Закинув мои ноги себе на талию, он начинает двигаться. Резко. Больно. Но мне нравится эта боль. Она меня отрезвляет.

— О боже, Блэр, я люблю тебя… Я люблю тебя… Люблю… — пыхтит он мне в ухо.

И в этот момент на меня обрушивается реальность. Она врезается в меня со скоростью торпеды, и я с ослепляющей ясностью осознаю, что я сейчас делаю. Что именно отдаю ему, этому ничего не подозревающему человеку.

Какого черта ты делаешь, Блэр?

Доказываешь, что ты дочь своей матери.

Даешь ей повод собой гордиться.

Пока он получает свое удовольствие, я слушаю его громкое сопение в процессе и чавкающие шлепки плоти о плоть. Меня подташнивает. Наверное, от выпитого алкоголя.

А может от отвращения к себе.

Первоначальная боль прошла. Теперь я чувствую только жжение и какую-то странную отстраненность, словно наблюдаю за всем происходящим со стороны.

Он наклоняется к моим губам, я же, почувствовав, как к горлу подкатывает желчь, отворачиваю лицо, и поцелуй приходится в щеку. Смотрю на проем ванной комнаты. Там горит свет, и все ее обшарпанное убожество, вся грязь видны как на ладони.

— Боже, я сейчас кончу… Я сейчас кончу… — продолжает пыхтеть он, вспахивая меня с удвоенной скоростью, и вдруг совершенно неожиданно напрягается всем телом и издает полукрик-полустон.

Вот и все. За пять минут, даже меньше, я умудрилась убить часть себя.

Наше дыхание выравнивается. Он выходит из меня и встает, а я, приподнявшись на локтях, смотрю, как он изучает поблескивающий в свете луны презерватив. К тому моменту, как он поднимает голову и наши взгляды встречаются, я успеваю закутаться в одеяло.

В его карих глазах отражаются замешательство, шок и радость.

— Я… Я понятия не имел… — Он держится за голову, пока мы глазеем друг на друга. — Я не знал, что ты девственница.

Я равнодушно пожимаю плечом, и одеяло соскальзывает. При виде моих обнаженных грудей в его глазах тотчас загорается похоть.

— Неважно. Я хотела, чтобы это был ты.

Это, кстати, правда.

— Но…

— Давай без «но». Если тебя это напрягает, просто забудь о том, что это было. Лично я уже забыла, — говорю я, заканчивая разговор.

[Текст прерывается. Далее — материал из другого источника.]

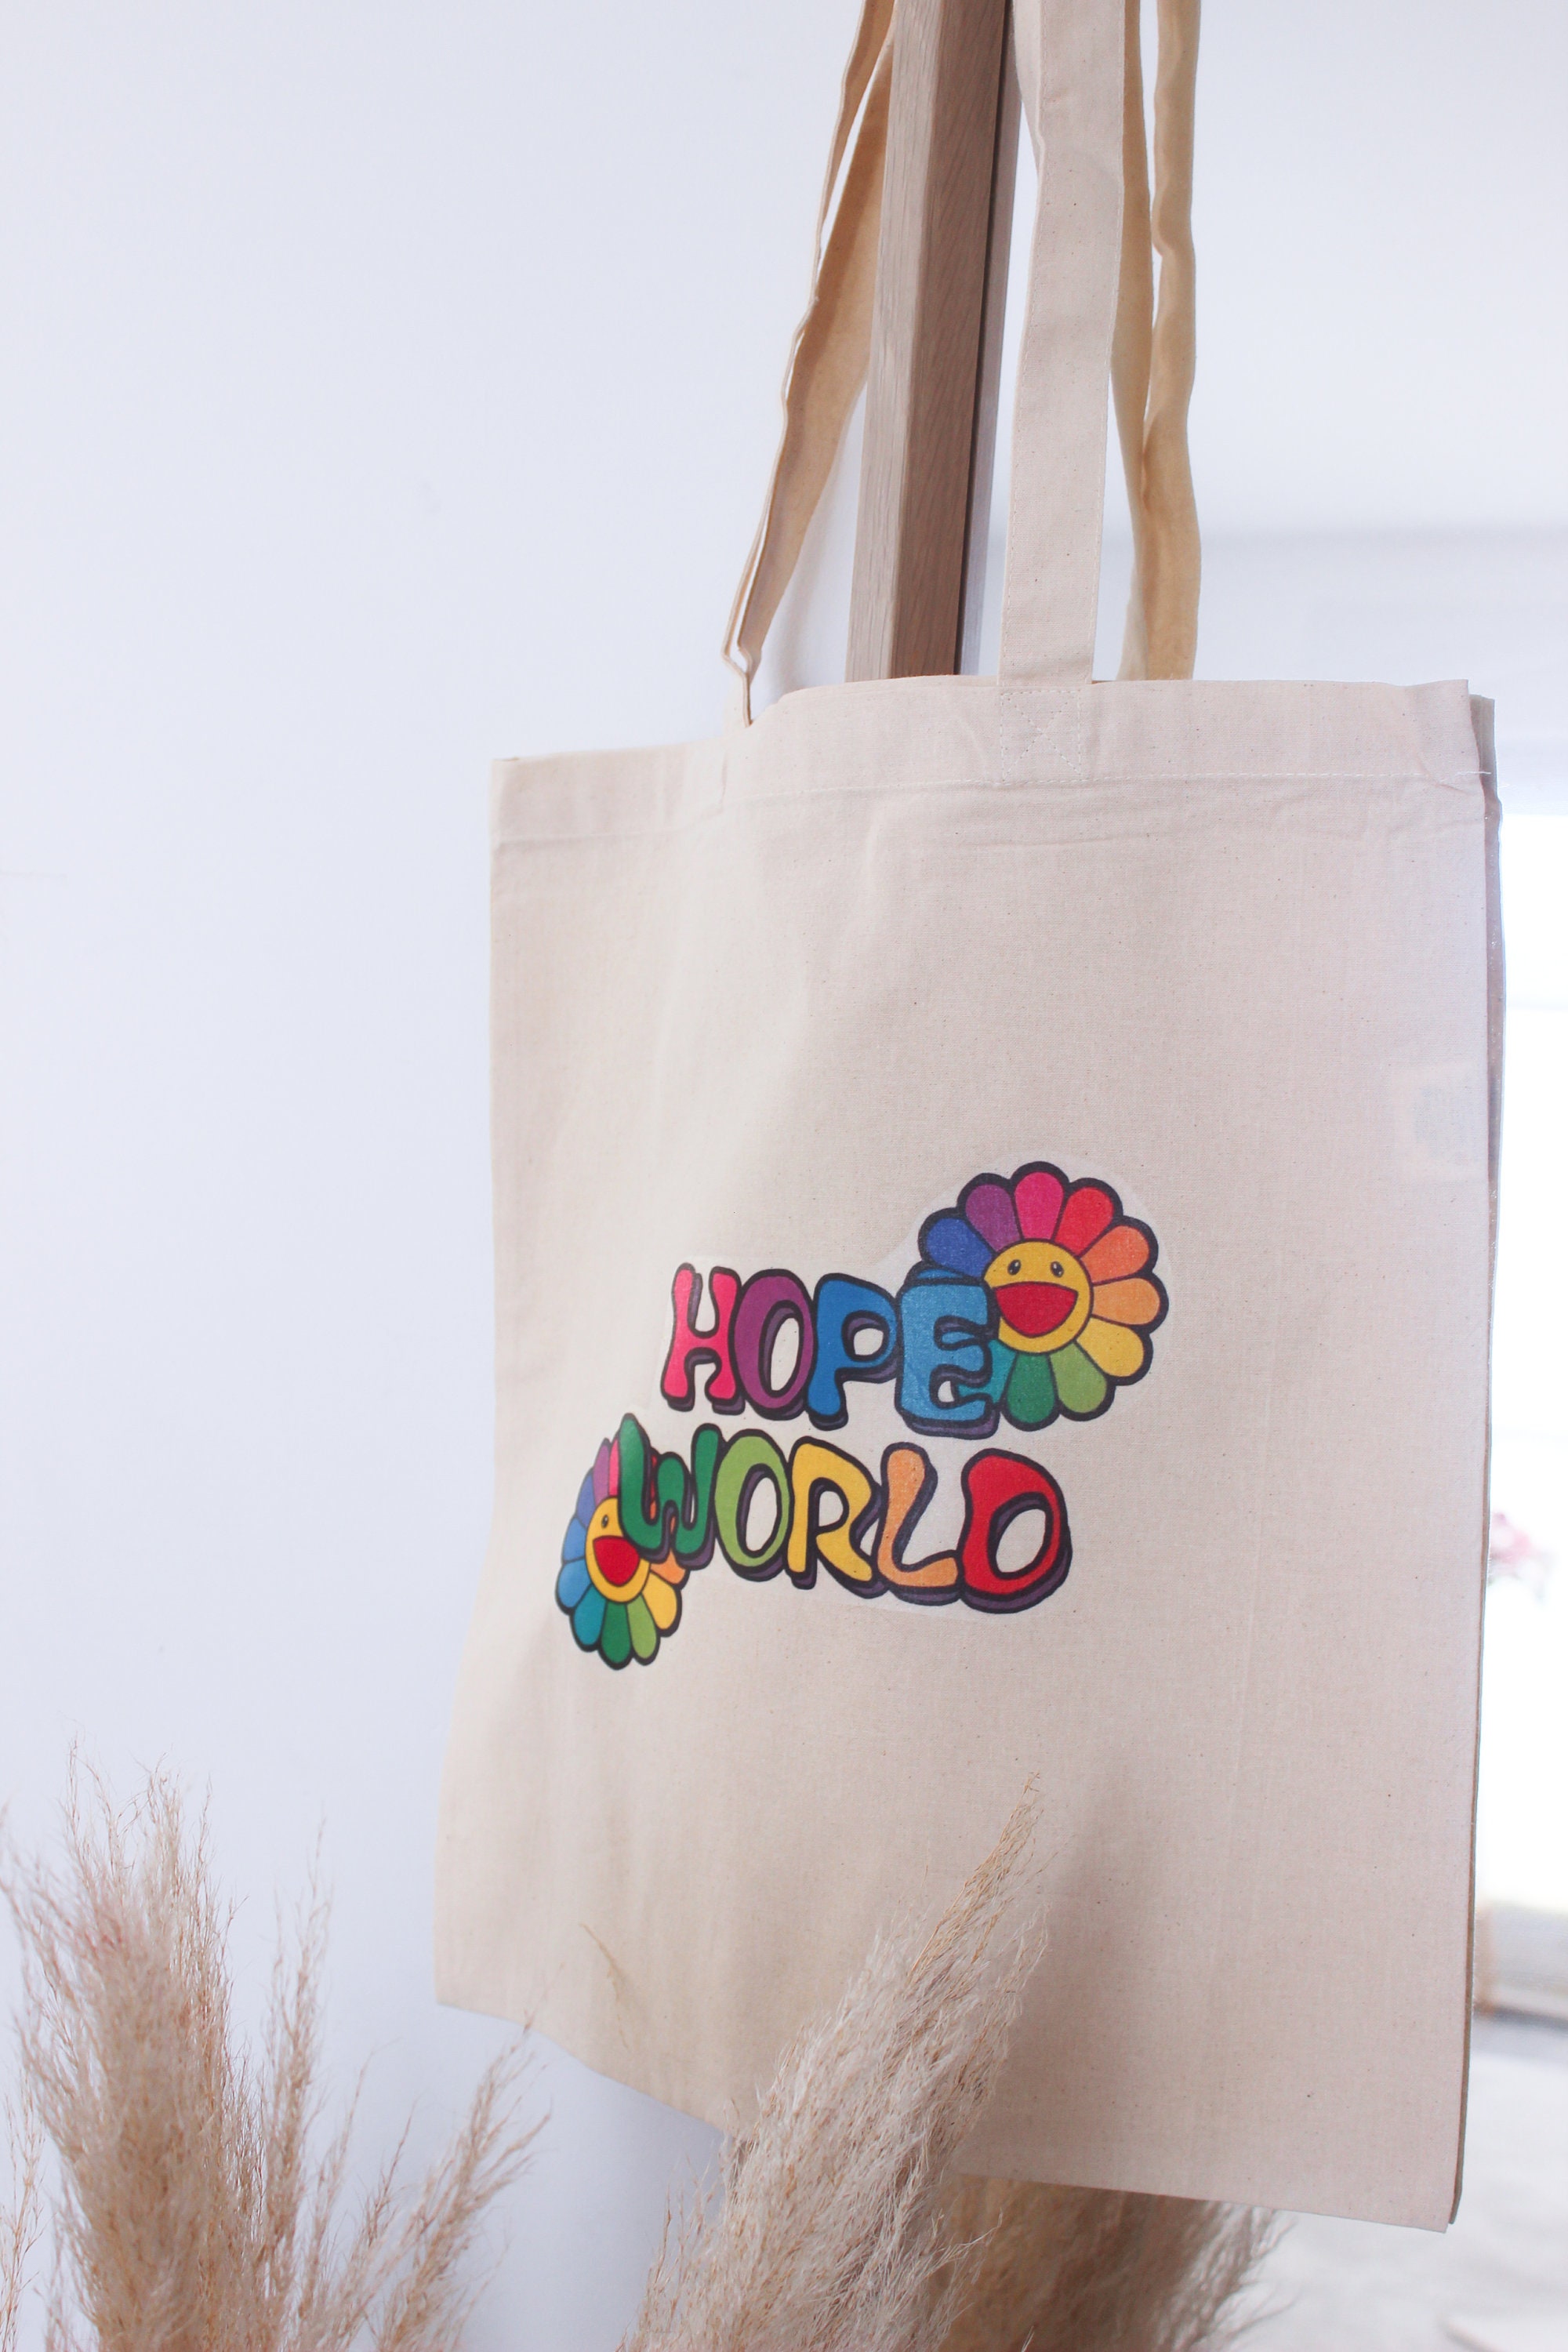 Hope World Tote Bag Removable Beaded Chain BTS J-hope Hobi

Это мое тело. Моя жизнь. Мое решение. Последнее слово всегда будет за мной, а не за ним — и не за кем бы то ни было.

Не давая себе ни шанса усомниться в своих следующих словах, я поднимаю голову и смотрю на него, стоящего передо мной во всей своей нагой красоте. Мое внимание привлекает золотое обручальное кольцо на его пальце.

— Не волнуйтесь, мистер Каллахан. Я не скажу вашей дочери, что вы трахнули ее одноклассницу, — говорю я.

И этим определяю свою судьбу.

Глава 2

Мое детство нельзя назвать тяжелым. Родители не били меня и не ругали — их просто никогда не было рядом. Я была одиноким ребенком. Разговаривала с куклами и животными. Но отсутствие внимания не сделало меня мягче. Напротив, после рек пролитых слез и бесплодных молитв, обращенных к глухому Богу, мое сердце окаменело. Оно заморозило меня изнутри.

Любви мне не досталось, однако я никогда не испытывала недостатка в красивых вещах.

Родители дарили мне не любовь, а подарки… Или так они и выражали свою любовь, через материальное? Наверное, вещи и внимание в их представлении были равнозначны.

Не потому ли счастье ассоциируется у меня с обладанием?

Ребенком я была готова отдать все свои вещи за толику родительской любви. За материнскую ласку, за похвалу отца. Я мечтала хотя бы раз услышать, что они мной гордятся. Но не получала от них ничего.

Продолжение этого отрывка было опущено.